- _What the exercise asks_:
Please print the line that holds "Abstract fire flame" and each line after it to the end of the data, word for word, without any pictures.
** Opening Data excerpt block **
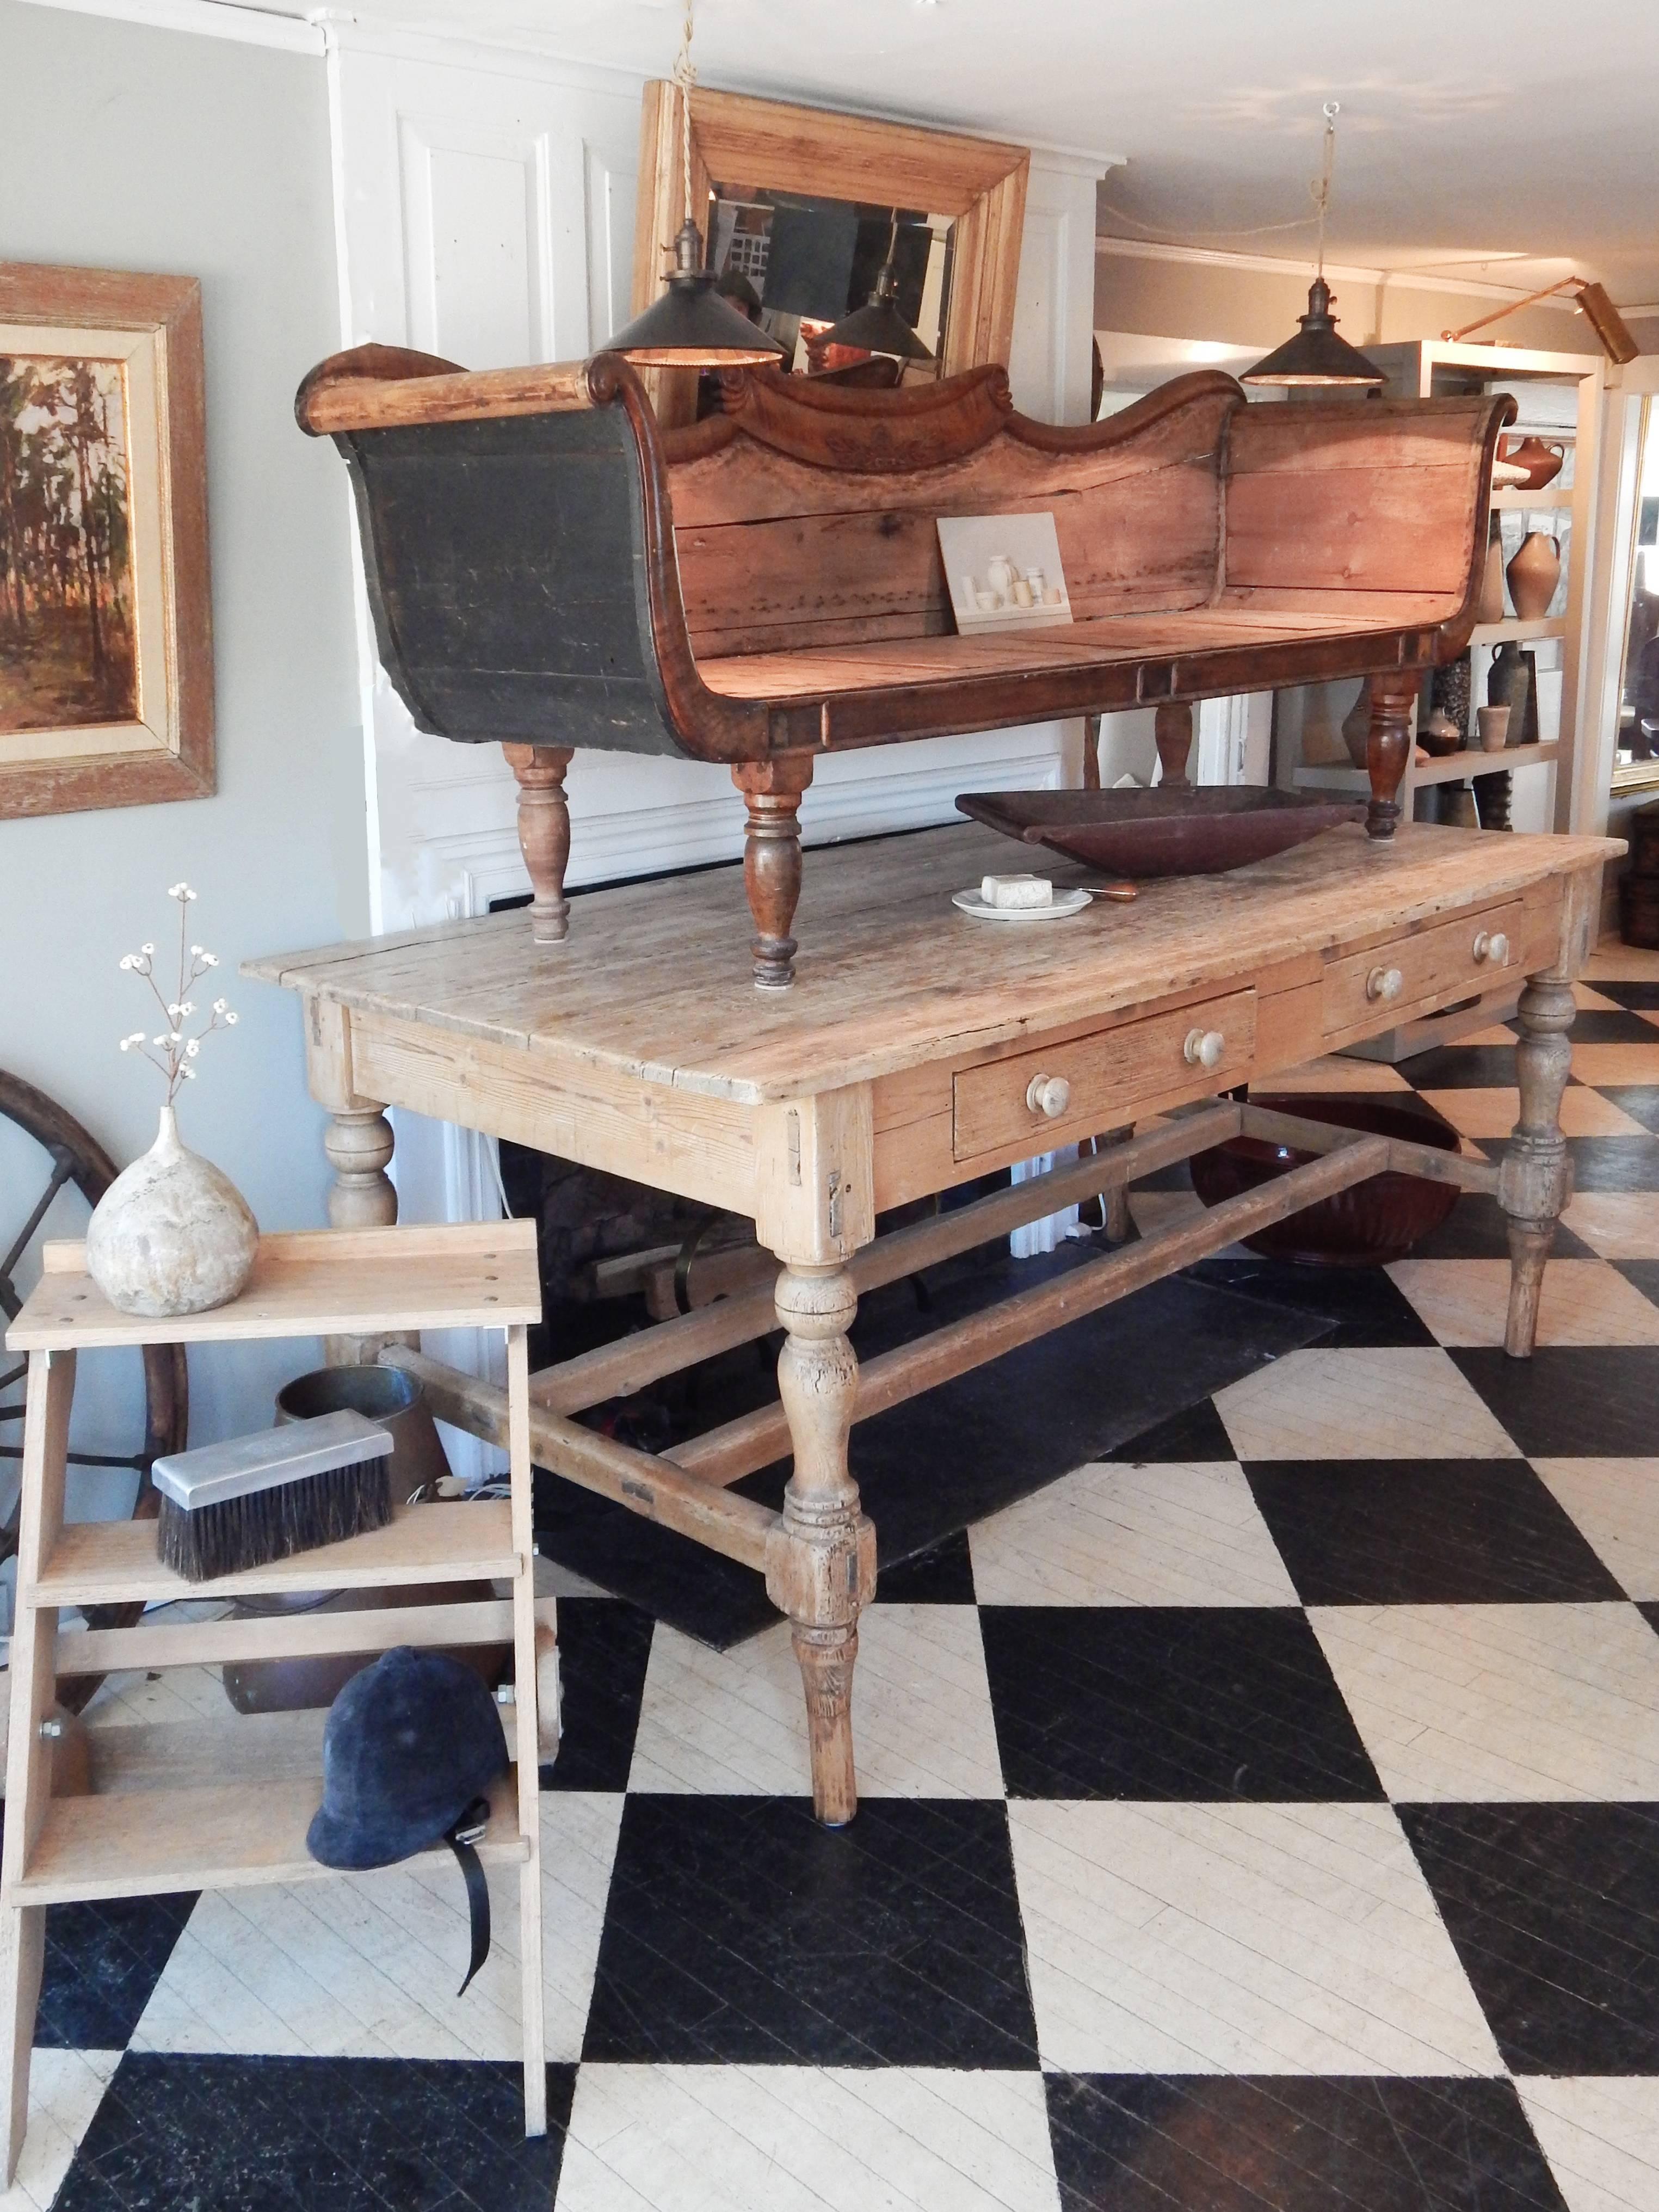 Exceptional French pine work table with drawers. Legs have been extended to create a kitchen island/ work surface. Incredible aged patina.
Clearance under drawers 29 1/4 inches.
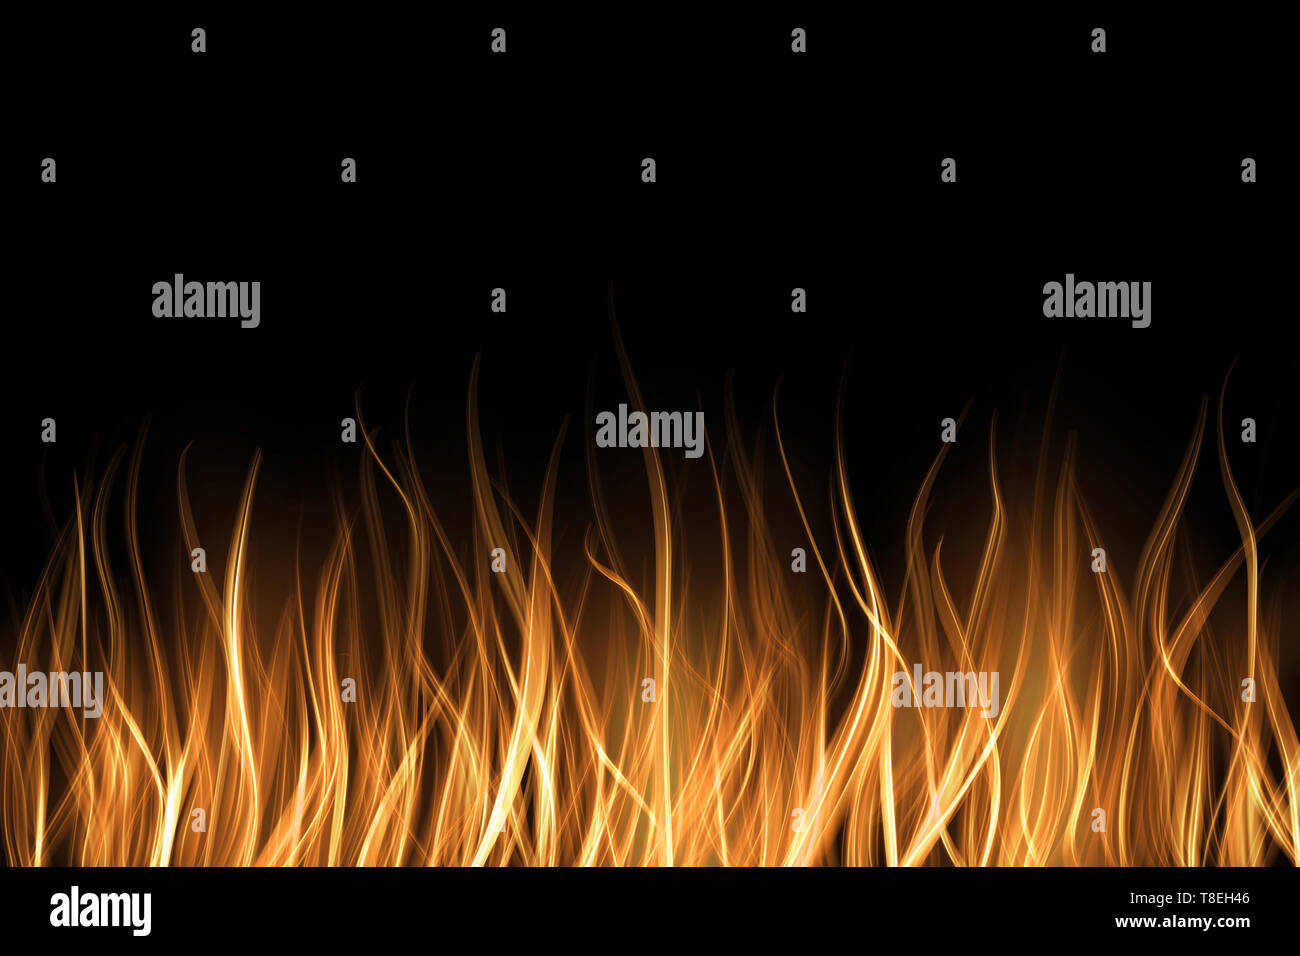 Abstract fire flame light on black background illustration.Realisctic Burning flames Stock Photo
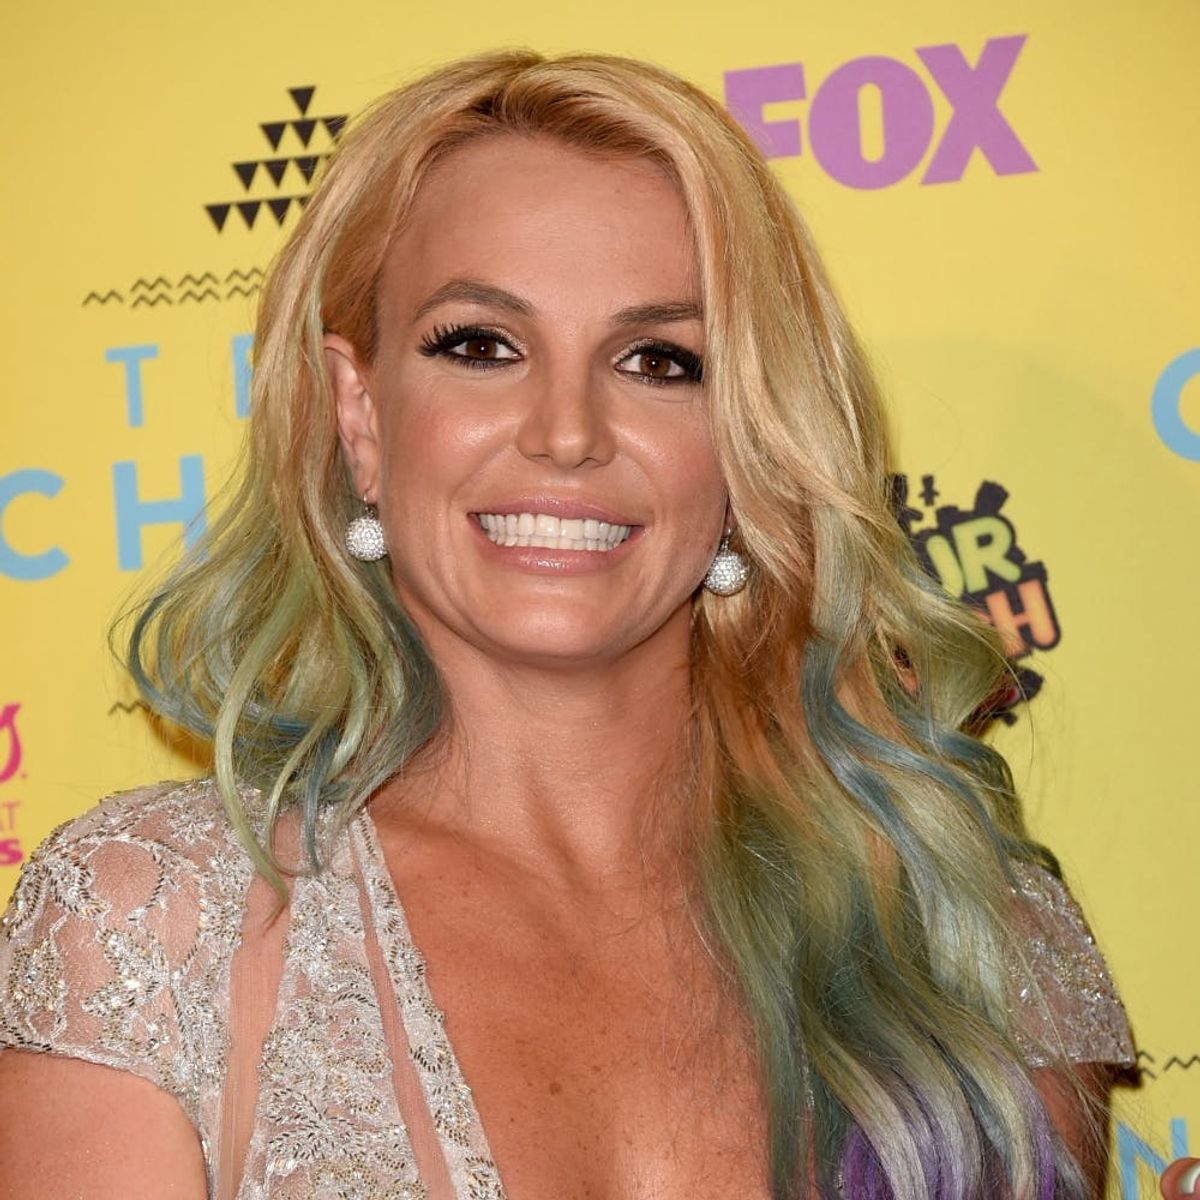 Britney Spears Is Totally Twinning With Another Pop Star on Her New Album Cover
** Closing Data excerpt block **
- _Answer section_:
 Abstract fire flame light on black background illustration.Realisctic Burning flames Stock Photo
 Britney Spears Is Totally Twinning With Another Pop Star on Her New Album Cover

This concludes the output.